As a precaution, tardiff and tarpatch will refuse to overwrite existing files,
but you can override this behaviour using I/O redirection:
tardiff file1.tar file2.tar - > tardiff
tarpatch file1.tar diff - > file2.tar
COMPRESSION
Input files may be compressed with gzip and are decompressed transparently.
Output files are always uncompressed, but can be compressed on the fly, e.g.:
# Create a gzipped diff file
tardiff file1.tar.gz file2.tar.gz - | gzip > tardiff.gz
# Reconstruct gzipped tar file
tarpatch file1.tar.gz tardiff.gz - | gzip > file2.tar.gz
# WARNING: using a gzipped input file is slow!

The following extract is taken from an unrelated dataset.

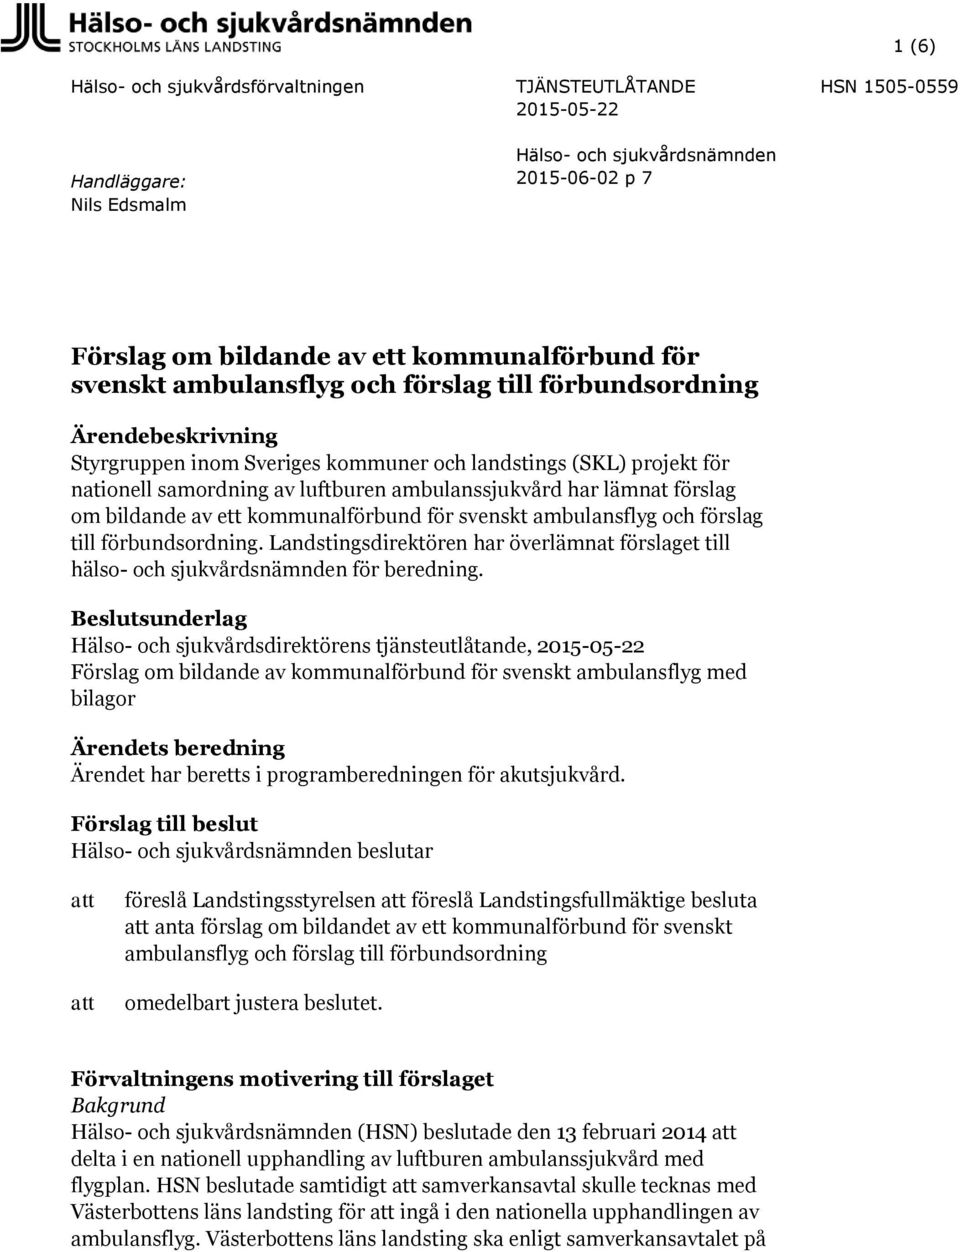 lämnat förslag om bildande av ett kommunalförbund för svenskt ambulansflyg och förslag till förbundsordning.
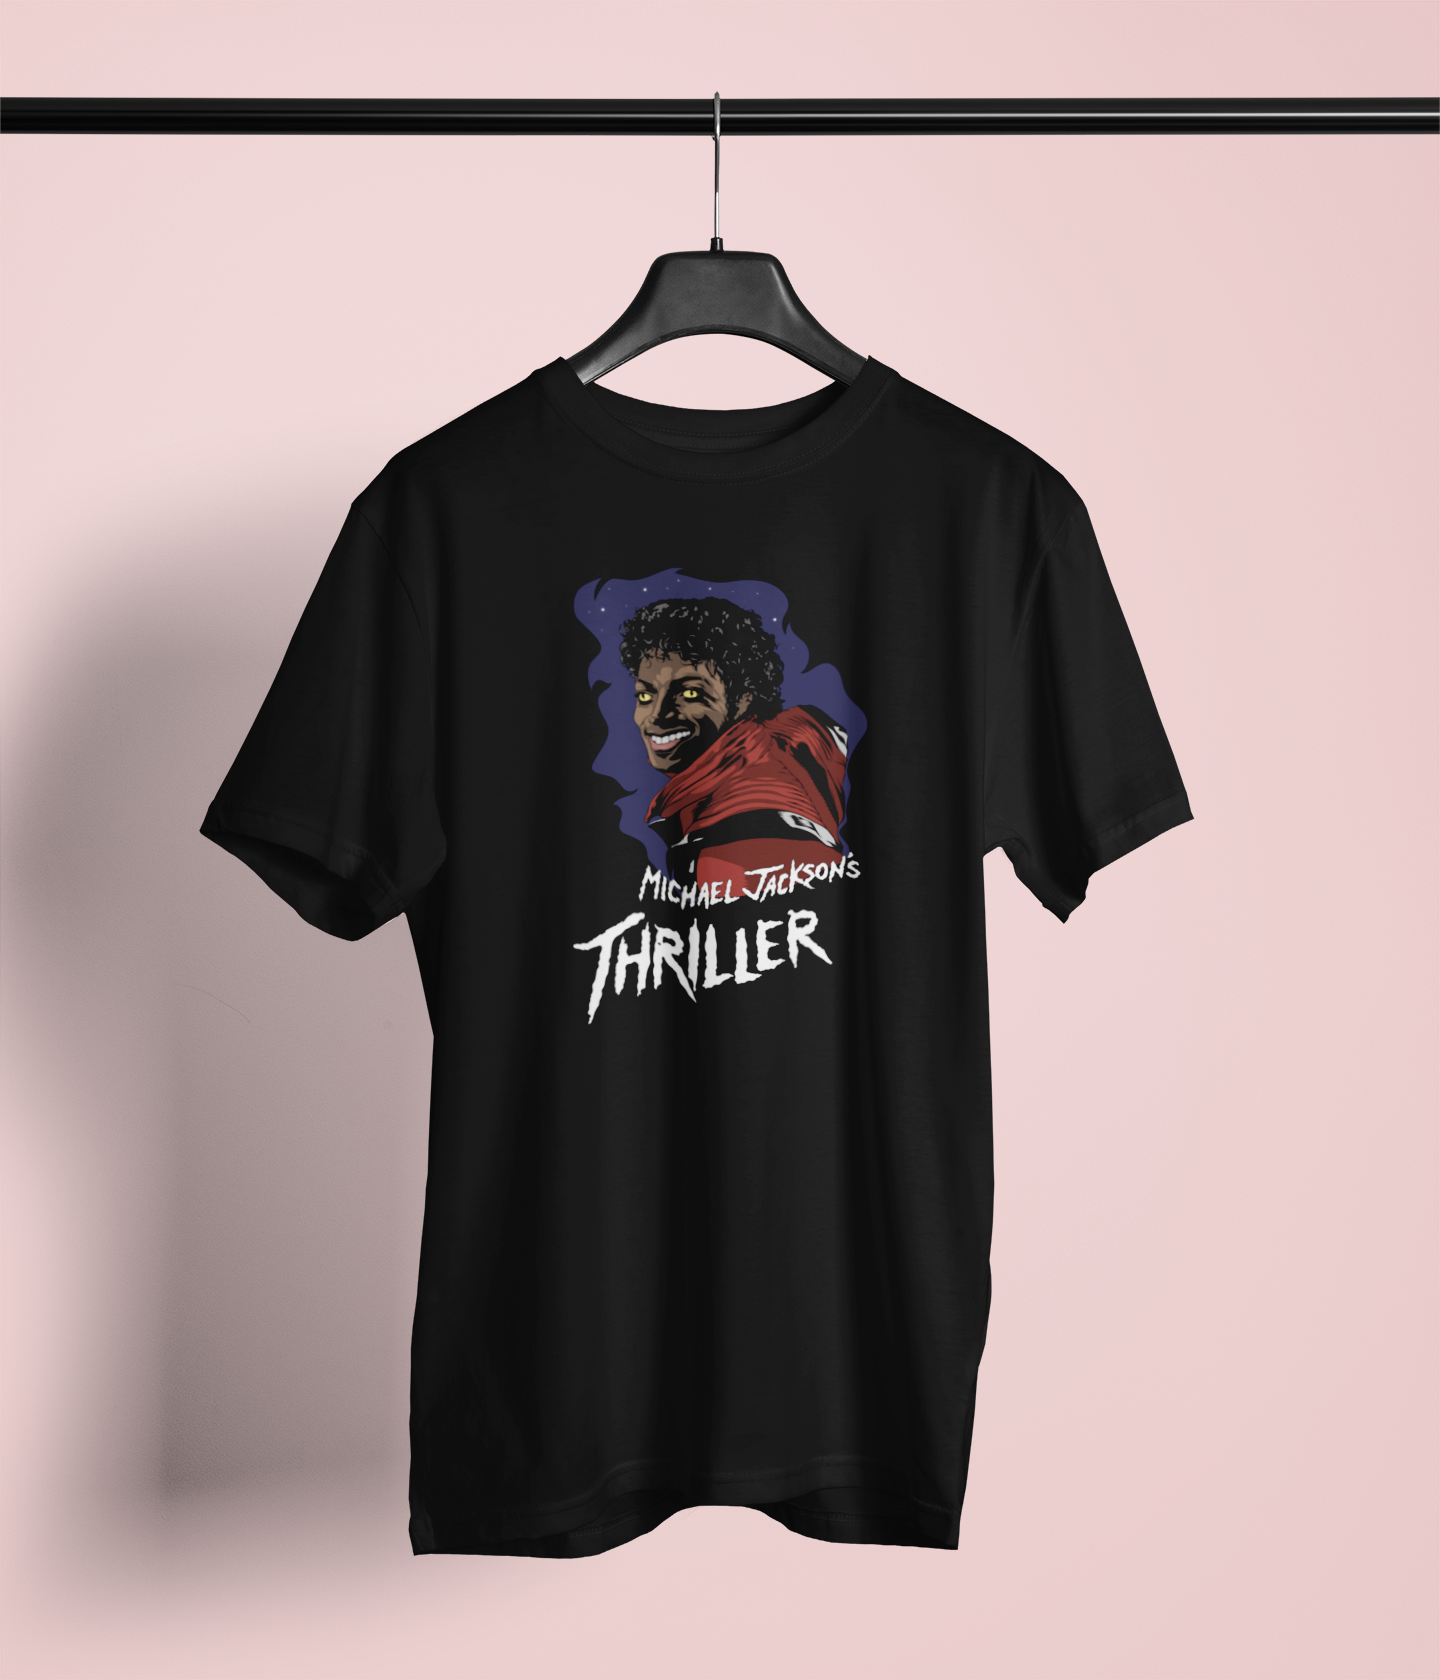 Camiseta Thriller "Michael Jackson" - Música

Note that in this case, the recreated compressed file may not be bitwise
identical to the original compressed file. Beware of unintentionally
overwriting existing files using I/O redirection!
BUGS/LIMITATIONS
tardiff uses MD5 checksums to identify common blocks in file 1 and file 2, so if
the files contain any MD5 collisions (different blocks that hash to the same MD5
output) then the generated patch file will be incorrect. This is unlikely to
occur by accident, but can be done on purpose since hash collisions for MD5 are
known.
Due to limitations of the differences file format, input files must consist of
512 blocks and be strictly less than 2 terabytes in size.